SMART goals sound great and the rubric is useful if you have a very specific goal that you want to achieve. But what if a goal, SMART or otherwise, isn’t what you want or need?
A Sordid History with Goals
As I said, I’m a goal-oriented person, but I’m actually loath to set SMART-type goals for what I’m coming to believe are really good reasons.
Goals consume me. I’m in triathlon hibernation right now, but every triathlon I’ve ever completed (plus the one I didn’t…) gobbled up my attention, my money, my time, and too often my happiness. I approached triathlon with goals and subgoals, e.g., finish… but finish under 12 hours with specific splits for each discipline, etc.
If I didn’t have goals, I would have struggled to organize my training and race day execution. The goals were very necessary for those requirements. But the intrinsic need to accomplish the triathlon and all its components was more of a direction than a goal.
Some goals can be downright problematic. When you meet a young officer that states a goal to become a Wing Commander, you probably have a certain reaction. Wanting to achieve that level of leadership, responsibility, authority, and promotion potential can be a signal of a power-hungry officer that’s “in it for the wrong reasons.”

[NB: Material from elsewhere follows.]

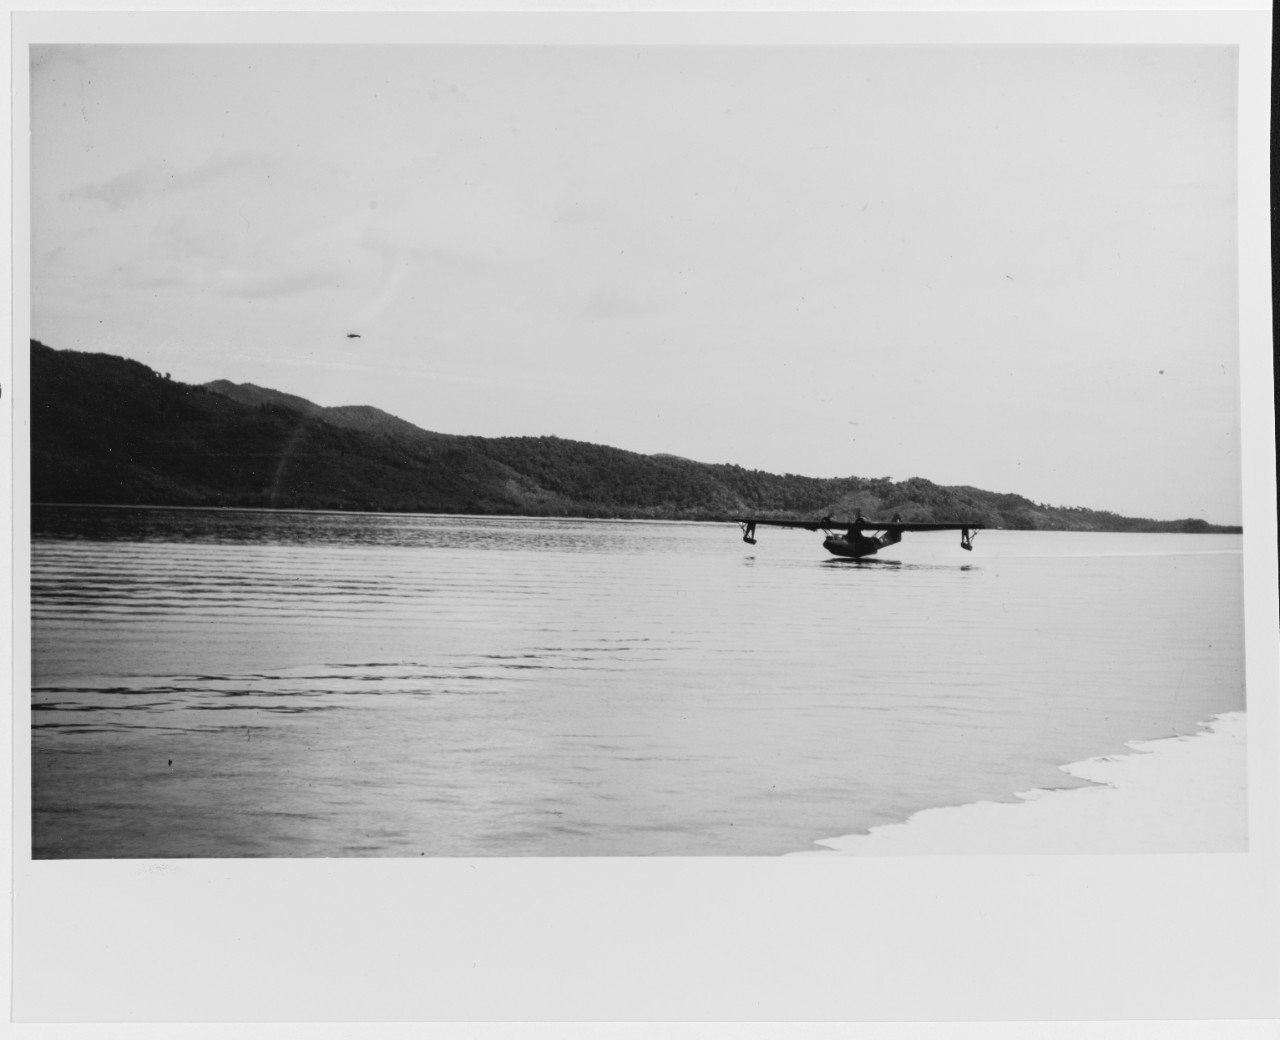 PBY patrol bomber, of a "Black Cat" squadron

The best Wing Commanders I’ve met were somewhat tortured to step into the role. On the one hand, they’re honored and humbled for the opportunity to serve. On the other, they’re wary from their career to date and apprehensive about what continued service might do to their family.
It’s likely that those future Wing Commanders simultaneously appreciate their upward trajectory; accept that the Air Force might “thank them for their service” at any time; and hope for a chance to throttle back for a season to reconstitute and enjoy some family time.
A goal might cause one to seek Wing Command no matter the cost however, a direction might create a path towards Wing Command and organize activity that might manifest the opportunity without foreclosing on other outcomes.
Perhaps we need goals to light the real path—direction.
The financial planning process is very goal centric. A financial planner works with a family to identify goals to build plans to achieve the goals. But many roadblocks stand in the way of goal identification.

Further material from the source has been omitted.